Those who compete for public contracts have a legally enforceable right to expect a transparent and even-handed tendering process. In a case concerning the award of a number of regional road-surfacing contracts, however, the High Court found that the playing field was far from level.
A civil engineering company launched proceedings after six of the eight contracts on offer were awarded to a rival bidder. It sought damages from the public authority concerned on the basis that lawful compliance with the Public Contracts Regulations 2006 would have resulted in a very different outcome.
Ruling on the matter, the Court noted that the rules of such competitions are required to be clear, precise and unequivocal. However, the rules applied in the instant case were opaque, imprecise, equivocal and lacking in detail. The process was certainly not transparent and the reality was that there were no rules.

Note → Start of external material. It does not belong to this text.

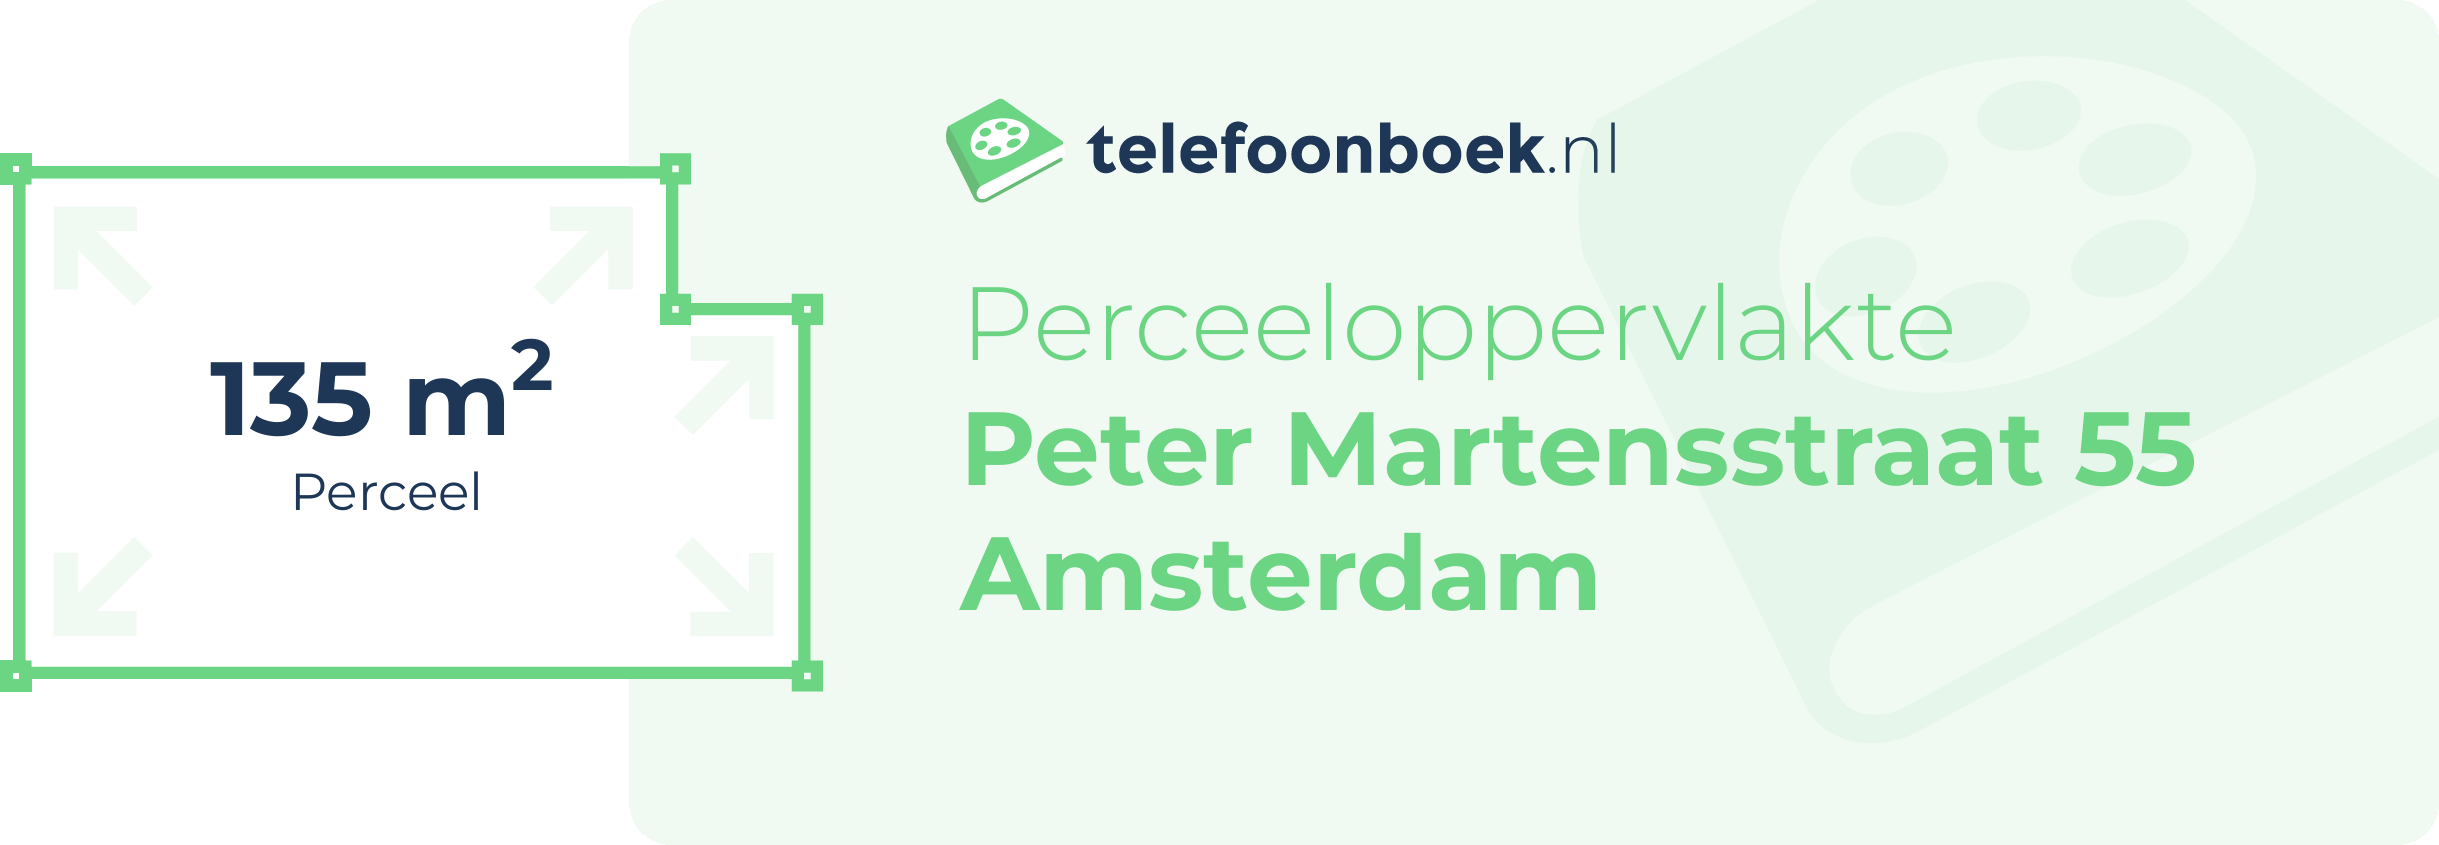 Perceeloppervlakte Peter Martensstraat 55 Amsterdam
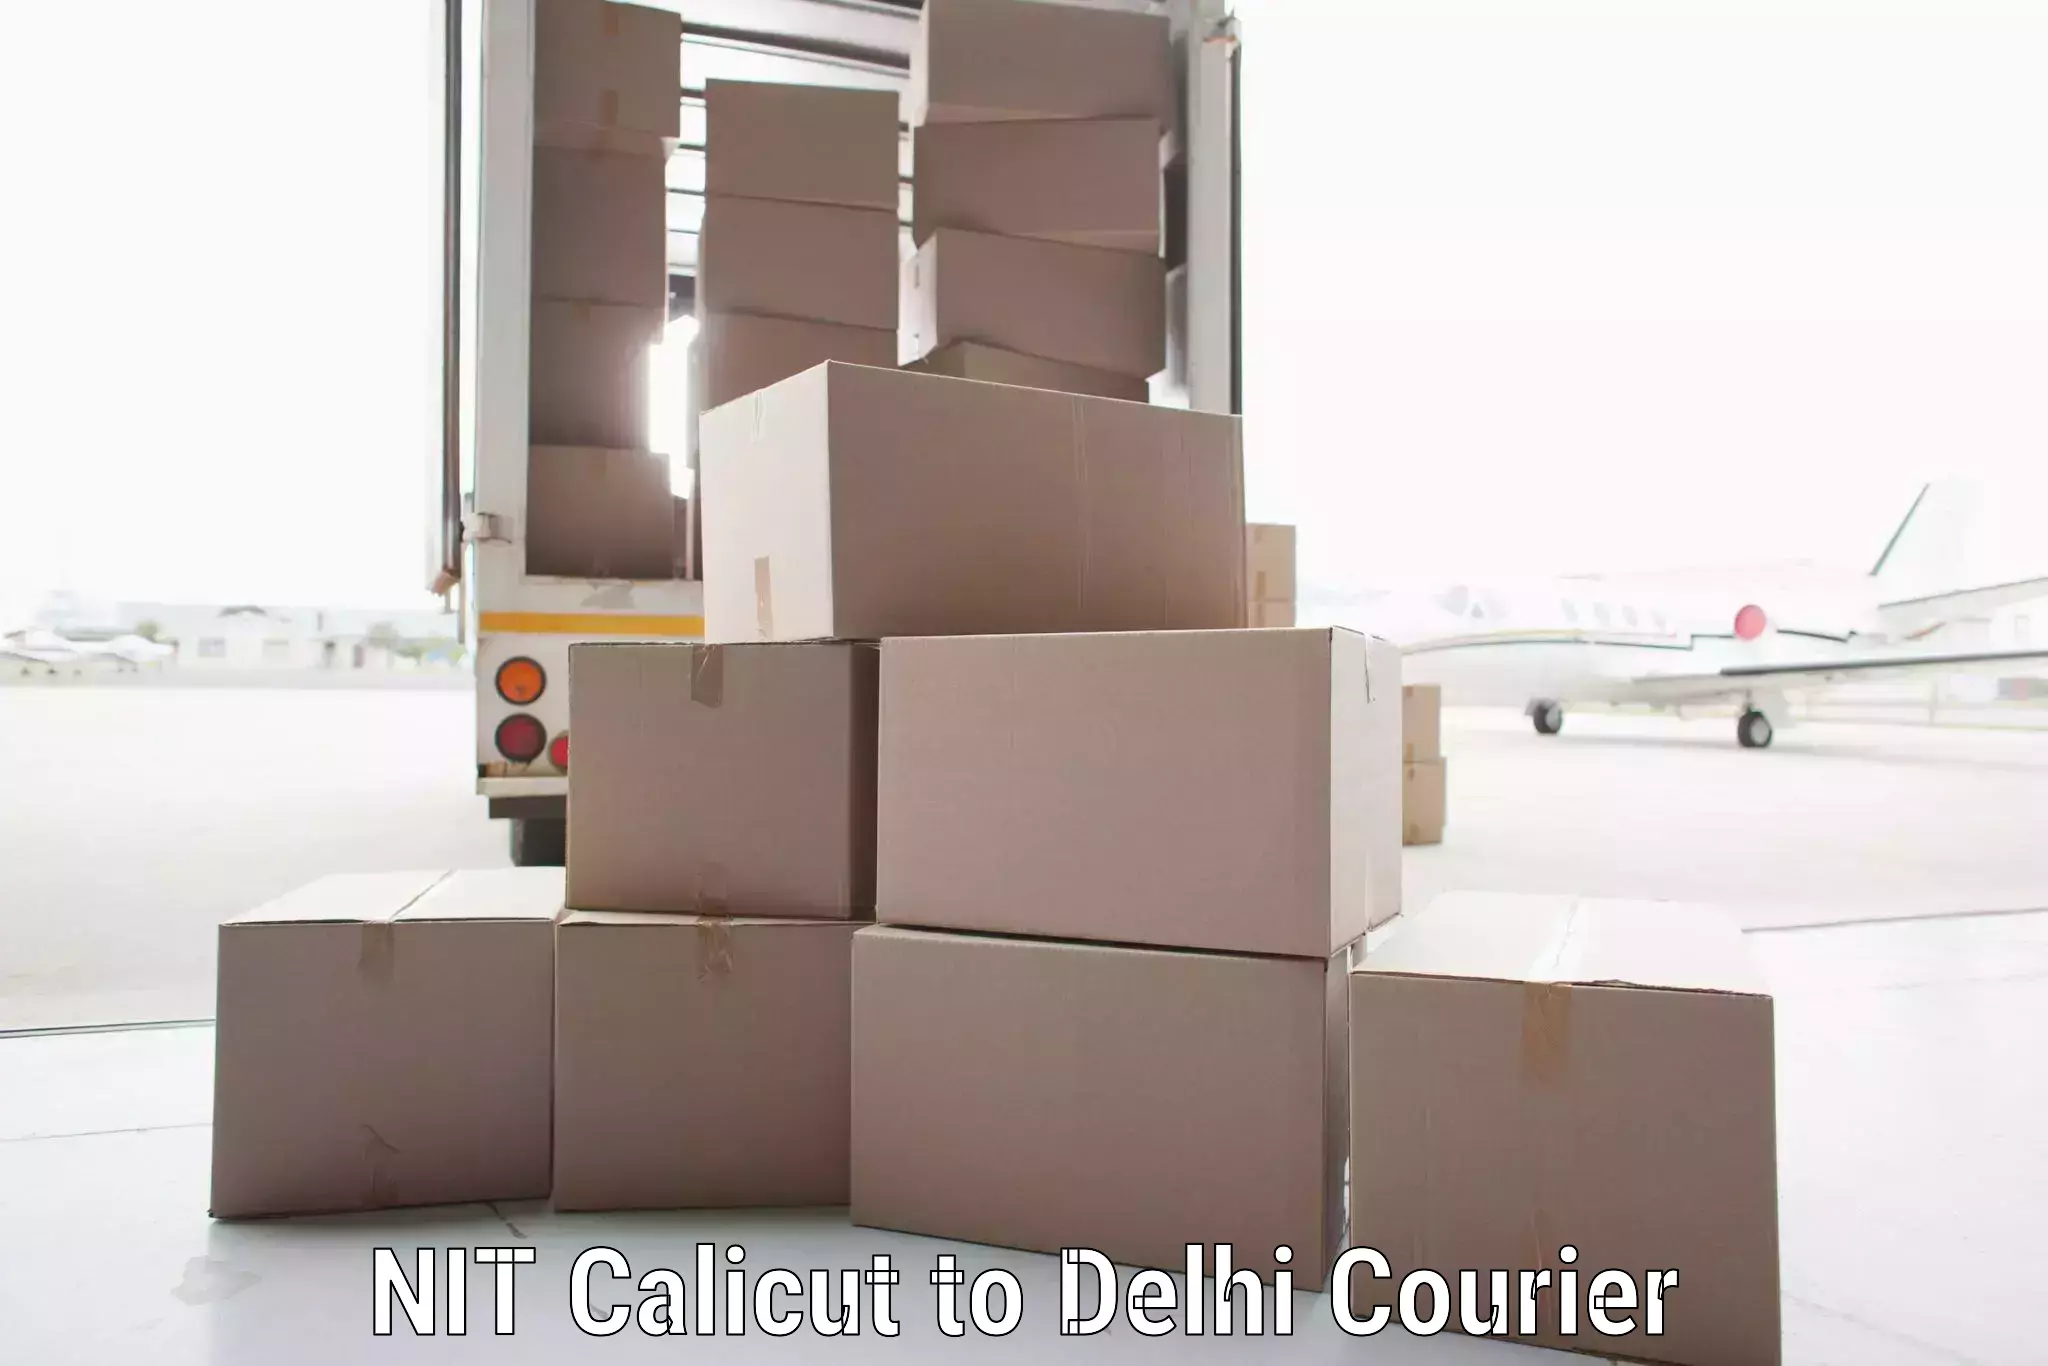 Express postal services NIT Calicut to Delhi

The rival was allowed to submit identical tenders in respect of seven of the contracts although it had the resources necessary to fulfil, at most, four of them. After winning six of the contracts, it was permitted to withdraw from two of them. Those contracts were awarded to runners-up in the process.
The rival was invested with complete discretion as to which of the contracts it chose to discard and that necessarily meant that runners-up were treated neither equally nor transparently. The rival’s freedom to select which of the contracts it would perform also offended against the principle of non-discrimination.
The Court found that the public authority fell into manifest error in giving the rival top marks for its answers to two questions in three tenders although it did not have the resources to perform those contracts. The company was prevented from understanding or verifying the mechanism whereby the authority permitted one runner-up to be preferred over another.
Remaining issues in the case, including causation of loss and the availability and quantum of damages, would be considered at a further hearing.